The changes introduced in this installment of the video game series were met with mixed reactions by fans, particularly with respect to the point-and-click interface which replaced the text parser that earlier games in the series had used. It is regarded mostly as a pedestrian effort.

Computer Gaming World stated that Quest for Glory III "offers perhaps the most exotic and intriguing backdrop" in the series, and praised the "sumptuous" VGA graphics and soundtrack. The magazine concluded that the game "is yet another excellent product from the creative characters at Sierra", and stated that the next game "will be tough to surpass the expectations generated by the excellence already found". In 1993, Dragon gave the game 5 out of 5 stars.

Jim Trunzo reviewed Quest for Glory III: Wages of War in White Wolf #34 (Jan./Feb., 1993), rating it a 4 out of 5 and stated that "Wages of War improves upon its prefecessors in many ways. The art and music surpass prior offerings, the no-typing interface functions quickly and smoothly and the story quickly immerses the player in the game. Frankly, it's hard to believe Sierra can top this effort. Yet, somehow, you get the feeling that it will!"

In 1994, PC Gamer US named Quest for Glory III as the 28th best computer game ever. The editors wrote, "With a tightly woven plot, terrific graphics, and an excellent soundtrack, Quest for Glory III is what adventurin' is all about."
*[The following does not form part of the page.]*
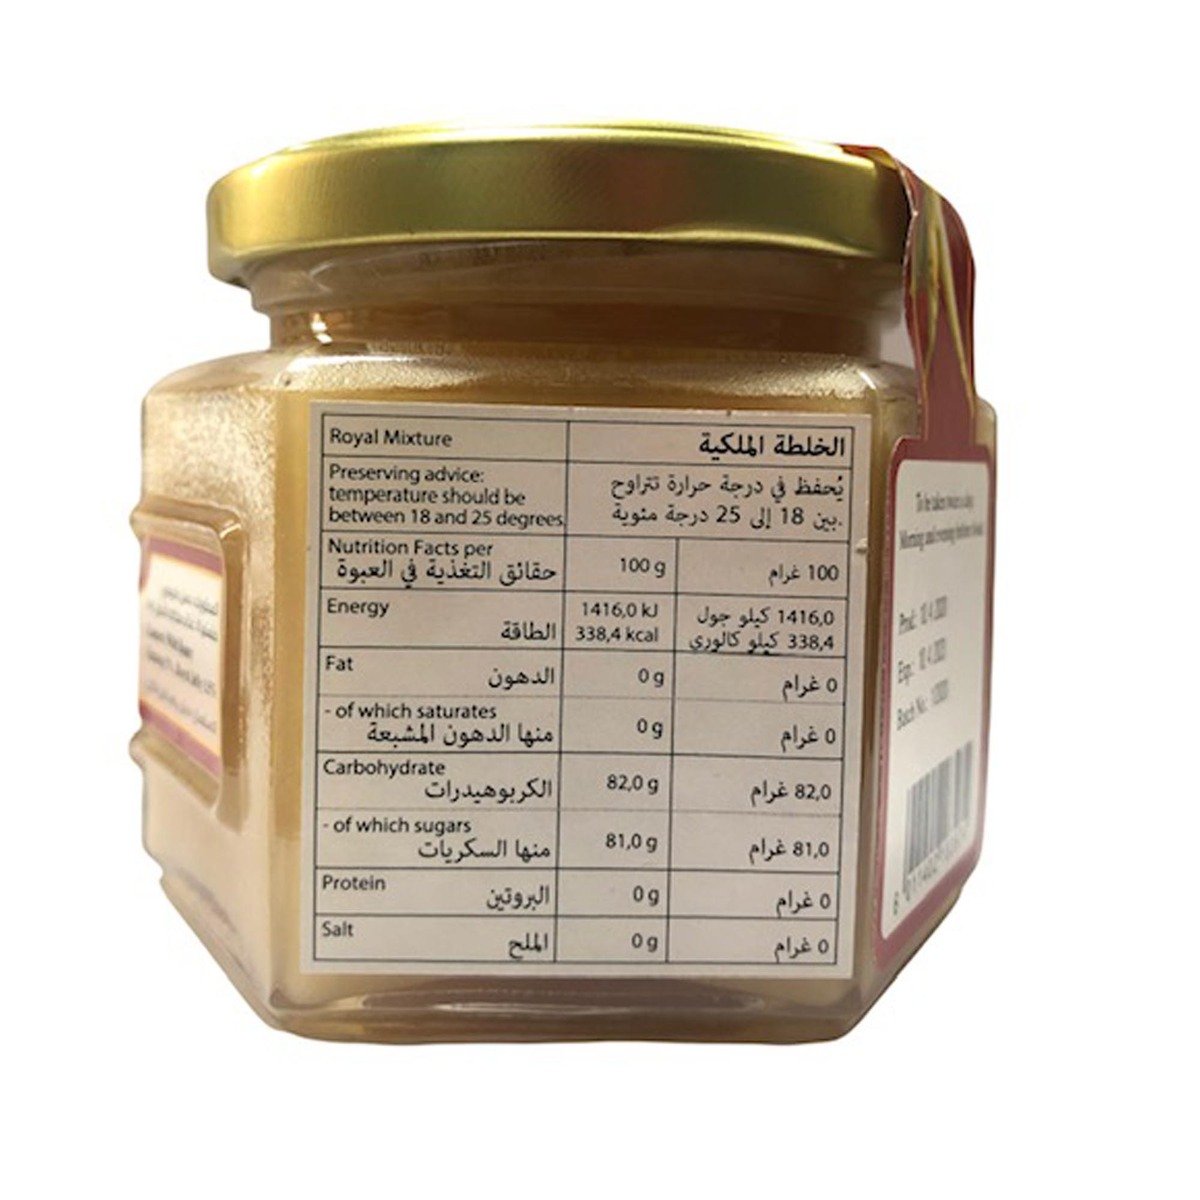 Y.H.H Royal Mixture Honey 250 g

PC Mag's Neil J. Rubenking considered the game a "perfect blend" of roleplaying and adventure gaming, and appreciated the levity provided by the world's characters between the more tense moments of battle.

===Retrospective reviews===

Michael Baker for RPGamer gave the game 3 out of 5 stars. He felt Wages of War "could have been much more involved and exciting than it actually was", and criticised the game's combat system. He also considered the VGA graphics to be less well utilised than the EGA graphics in the previous entry in the series. Richard Cobbet of PC gamer considers the title "a bit of a filler of a game".